Réaction aux prises de position de la FFQ sur la prostitution

Communiqué de presse

Pour diffusion immédiate

Réaction aux prises de position de la FFQ sur la prostitution

Montréal, le 30 octobre 2018-  C’est avec consternation que nous avions reçu, au printemps dernier, les propositions émanant du Conseil d’administration de la FFQ concernant « les femmes et l’industrie du sexe ». Même avec les amendements durement gagnés lors de l’Assemblée générale extraordinaire, nous considérons que les résolutions adoptées légitiment la prostitution, les proxénètes et une industrie qui s’abreuvent aux inégalités vécues par les femmes, particulièrement les plus marginalisées.

Les proxénètes et autres propriétaires de commerces du sexe utilisent le « choix » et le « consentement » des femmes à être dans l’industrie comme outil pour les amener dans la prostitution et les y maintenir. Si la prostitution était réellement un choix comme un autre, il serait aussi facile d’en sortir que d’y entrer. Ce n’est pas le cas. Les femmes que nous accompagnons quotidiennement dans des démarches de recherche de logement, d’aide alimentaire et autres démarches juridiques et de santé voient une multitude d’obstacles se dresser devant elles quand elles tentent de quitter l’industrie. Nous ne mettrons jamais en doute la parole de celles qui considèrent avoir choisi la prostitution. Mais la centaine de femmes qui fréquentent la CLES pour y recevoir des services ou du soutien dans leur processus de sortie décrivent la prostitution comme un choix devant l’absence d’autres choix, comme la conséquence d’une vie marquée par les abus, l’inceste, la précarité financière, le manque d’alternatives, l’exclusion et le racisme. Résumer cette question au simple choix individuel est un déni des rapports de pouvoir et des contraintes qui mènent les femmes vers cette industrie.

La FFQ semble d’ailleurs n’avoir aucune opinion sur l’industrie du sexe elle-même, sur l’achat d’actes sexuels ni sur un supposé «droit des hommes» à pouvoir avoir facilement accès à des services sexuels. Pour nous, c’est la grande question fédératrice sur laquelle un regroupement comme la FFQ devrait travailler.
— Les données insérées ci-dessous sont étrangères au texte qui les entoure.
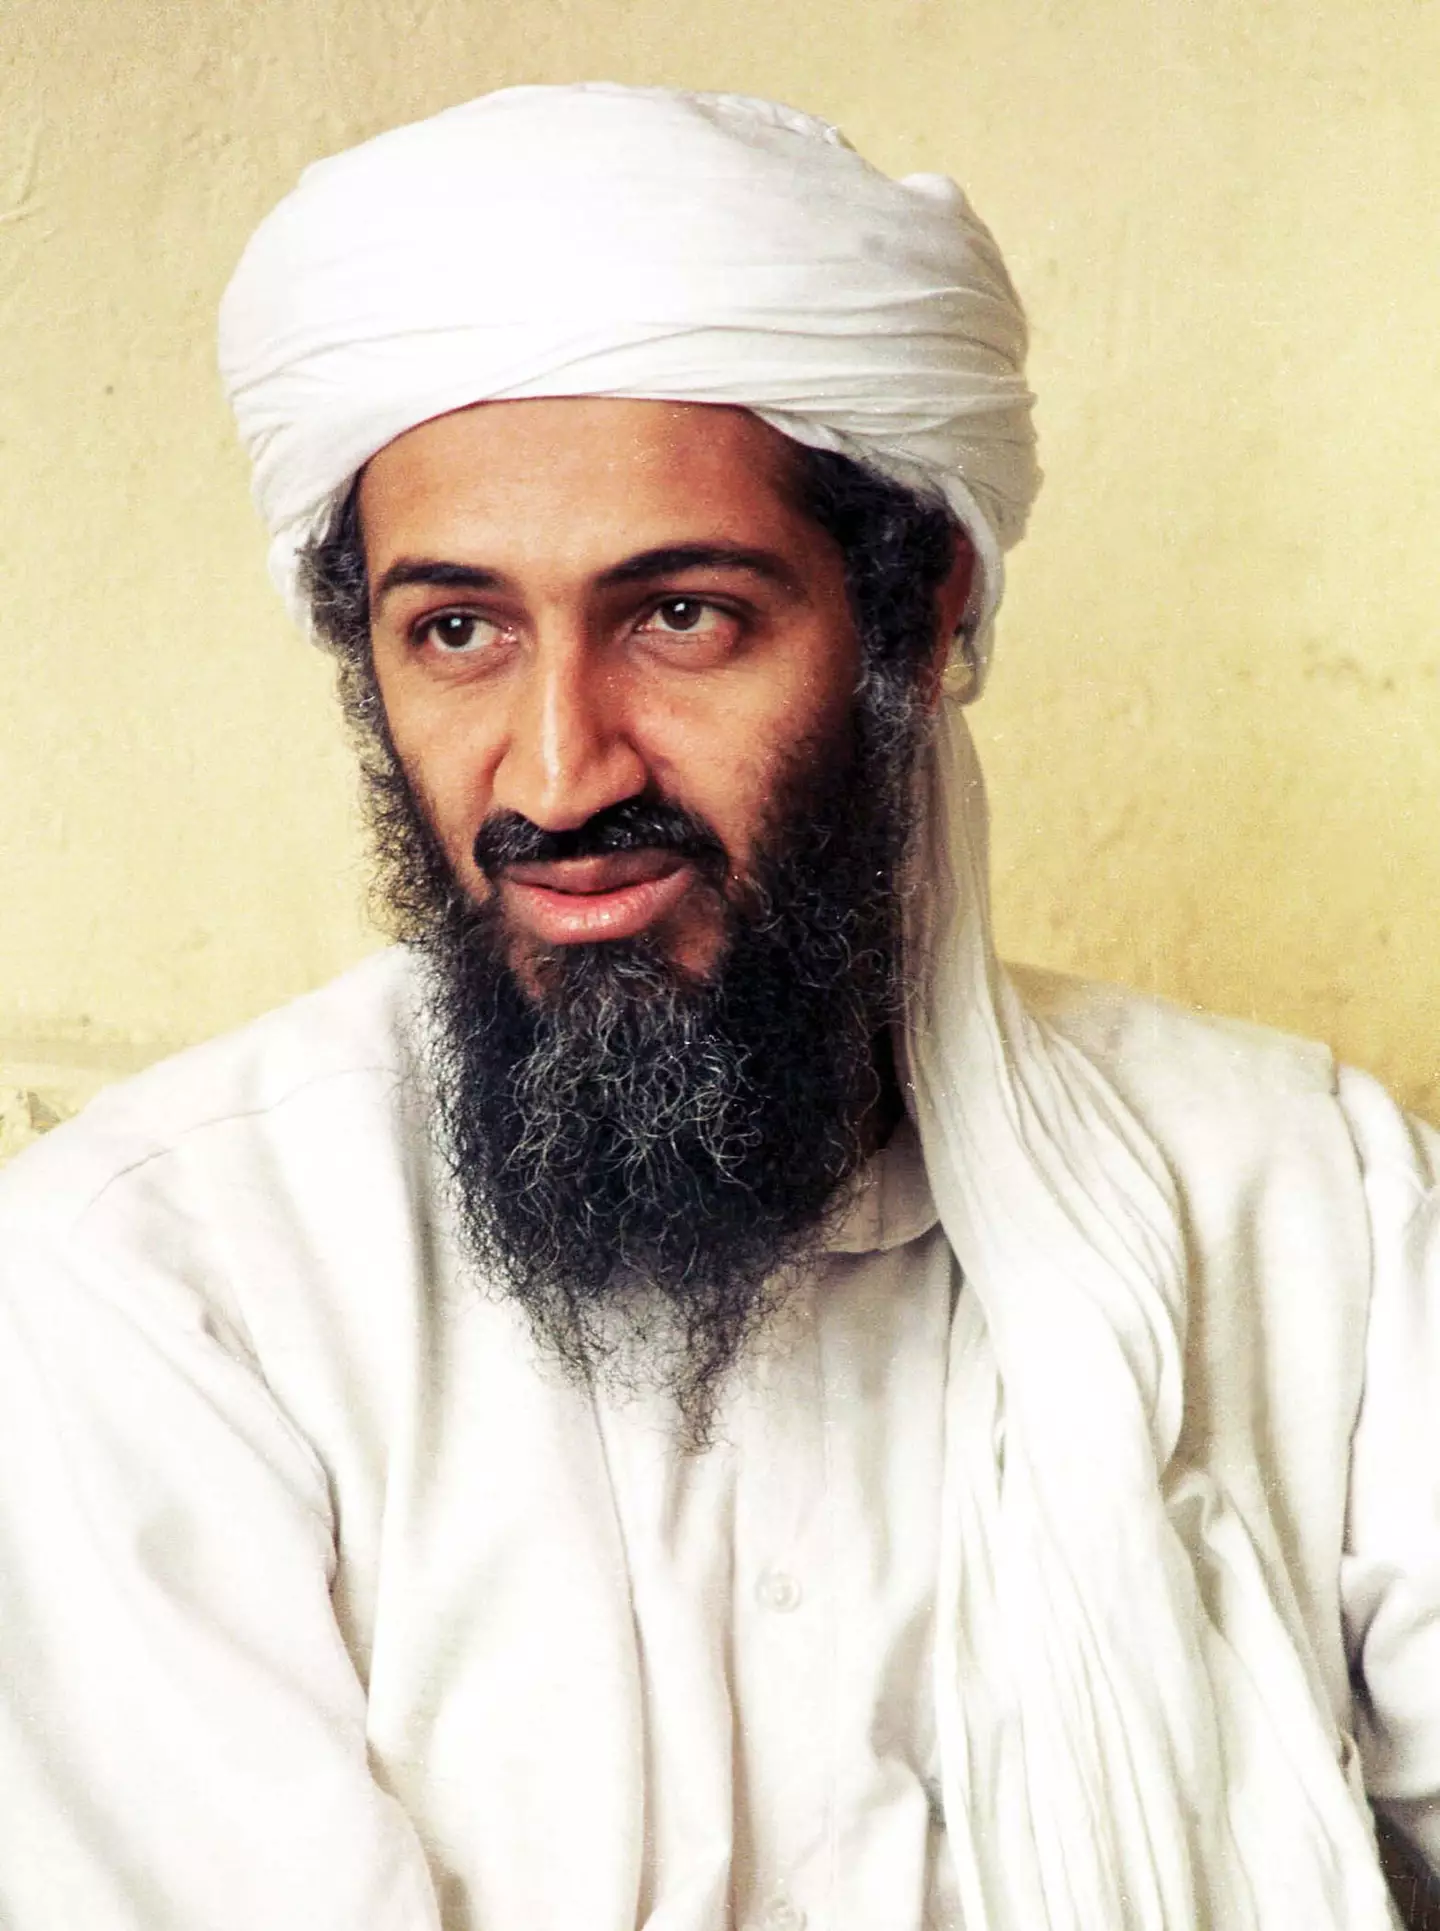 Bin Laden was killed by Navy SEALS.
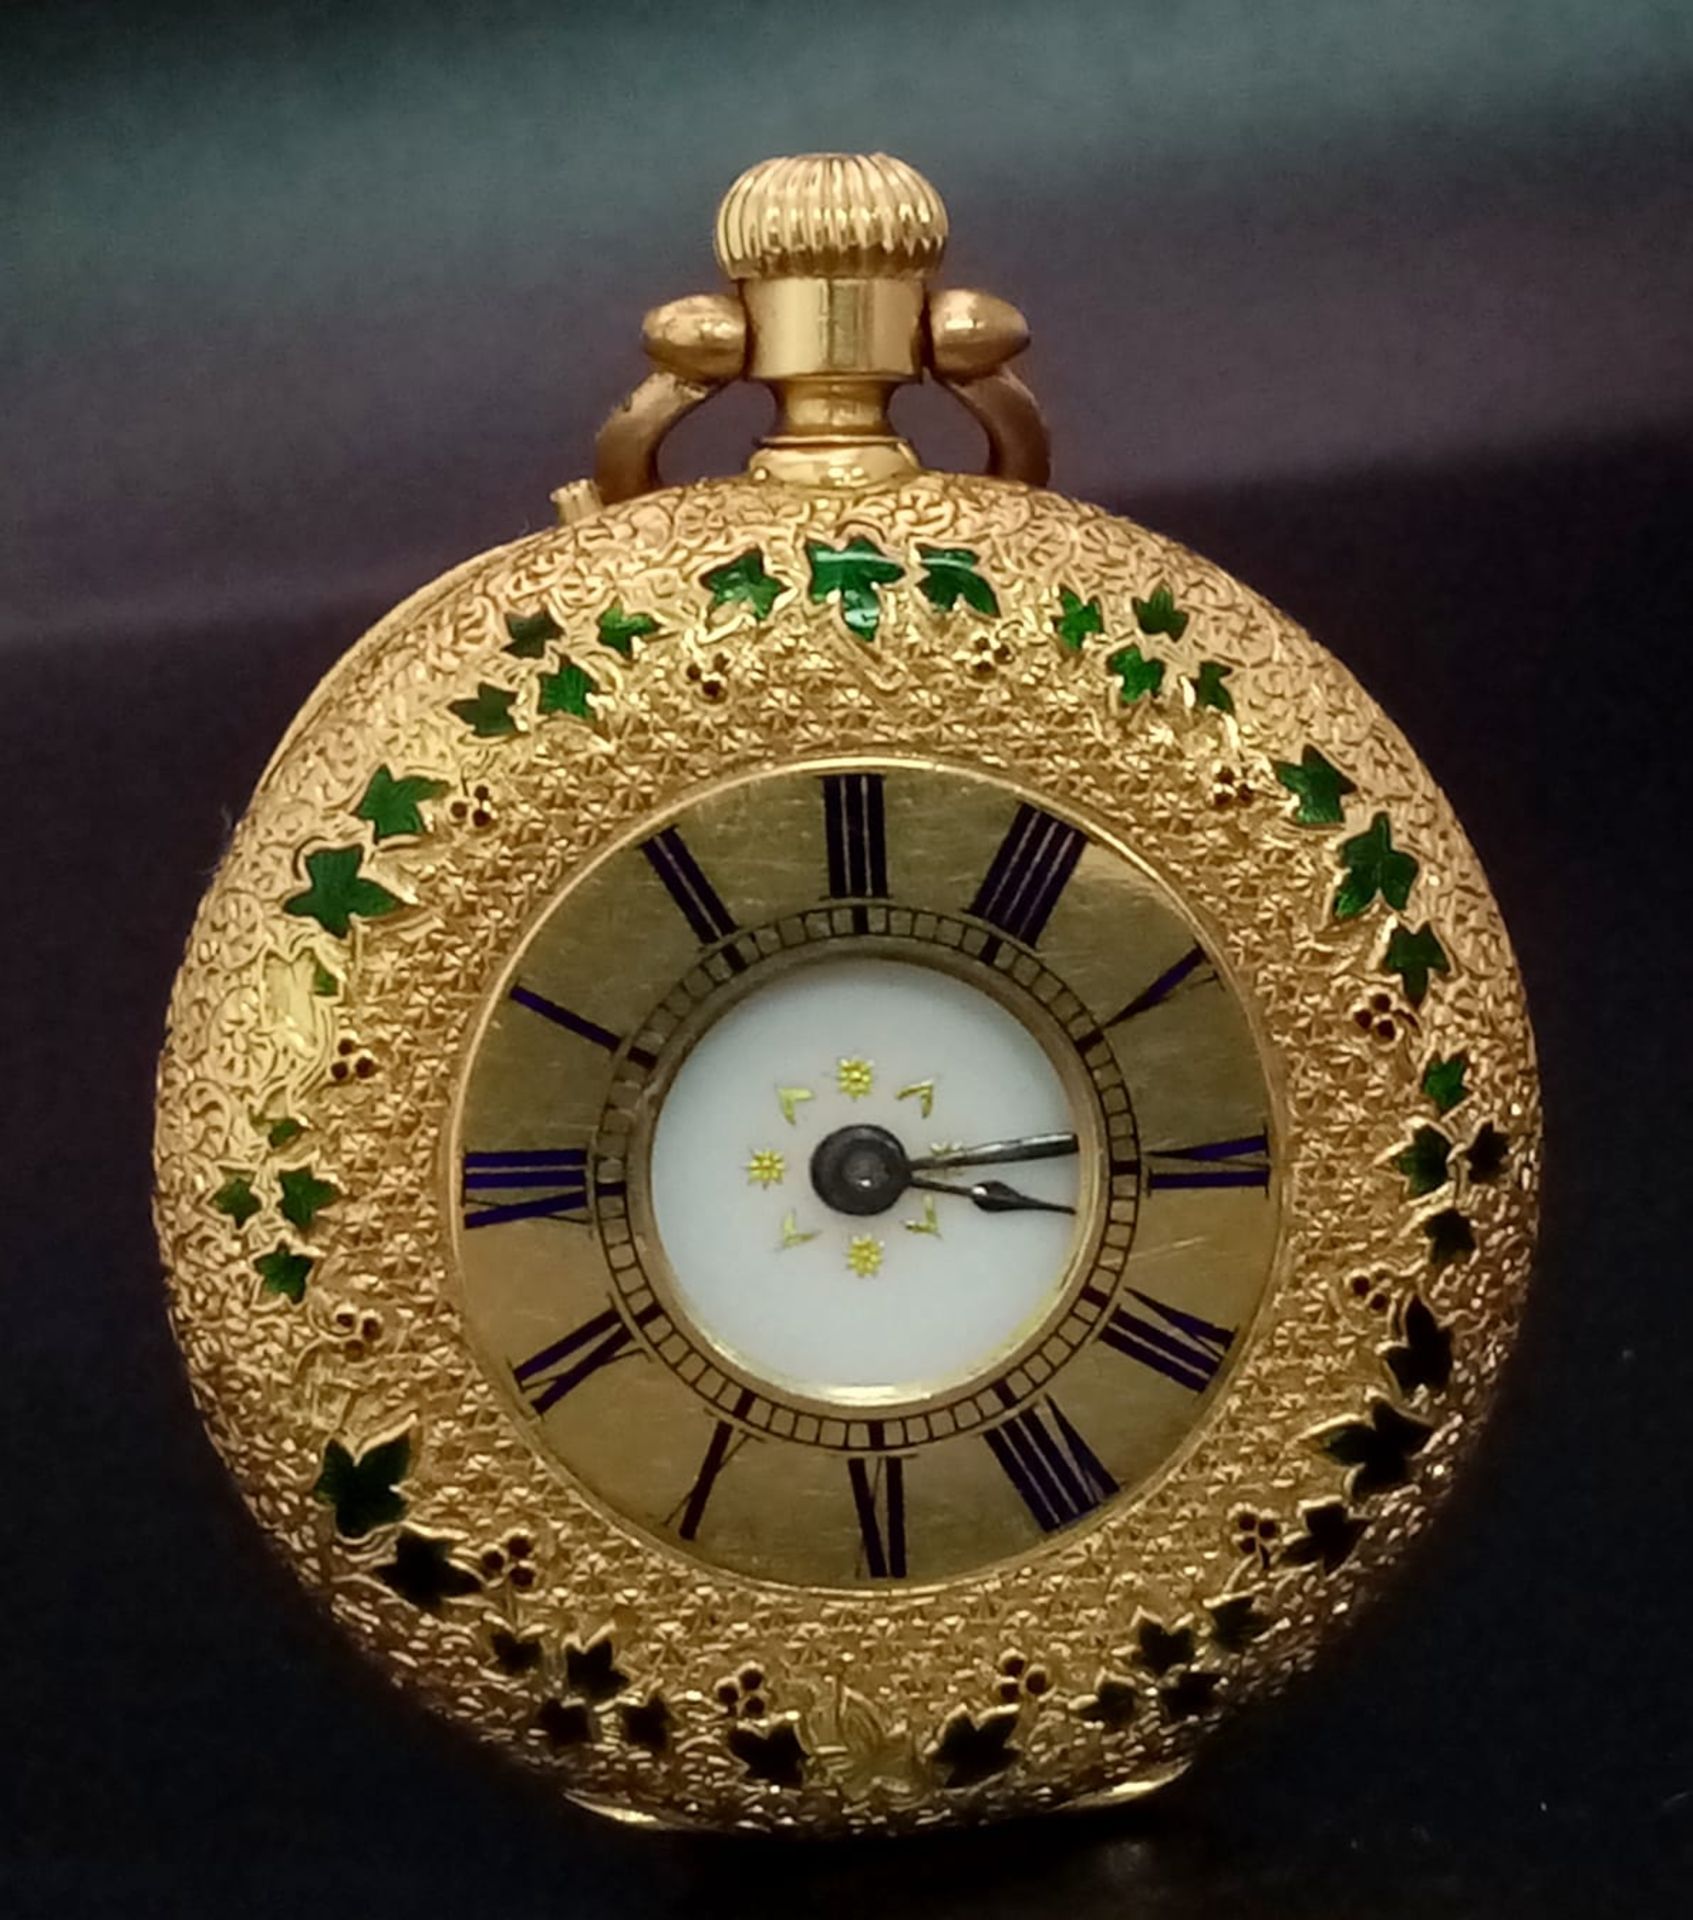 An 18K Gold Half Hunter Pocket Watch with green enamel foilage decoration. 35mm diameter, white dial

Avec cette prise de position, nous craignons que le conseil d’administration de la FFQ entre maintenant dans une campagne pour défaire le modèle nordique actuel, qui permet de vendre ses propres services mais qui vise à réduire la demande en pénalisant l’achat et la vente des services d’autrui. Les exemples de décriminalisation totale, telle que l’ont adopté l’Allemagne, les Pays-Bas et la Nouvelle-Zélande, sont suffisants pour nous décourager de suivre cette voie, qui a non seulement augmenté la traite, détériorer les « conditions de travail » des femmes dans les bordels légaux, mais fait exploser la demande et le nombre de lieux de prostitution.

À titre de concertation, la CLES entamera cette semaine un processus par lequel elle réévaluera, en collaboration avec ses 50 groupes membres et plus de 200 membres individuelles, son implication dans un organisme qui vient directement mettre en péril la capacité de construire collectivement un monde sans système prostitutionnel.

La CLES est un organisme sans but lucratif qui offre, depuis 2005, des services aux femmes qui ont un vécu en lien avec l’industrie du sexe dans une perspective féministe. L’équipe de la CLES est composée de sept travailleuses, dont une majorité d’intervenantes. De nombreuses survivantes de la prostitution occupent une fonction au sein de la CLES, que ce soit comme paire-aidante, membre du Comité de coordination ou travailleuse.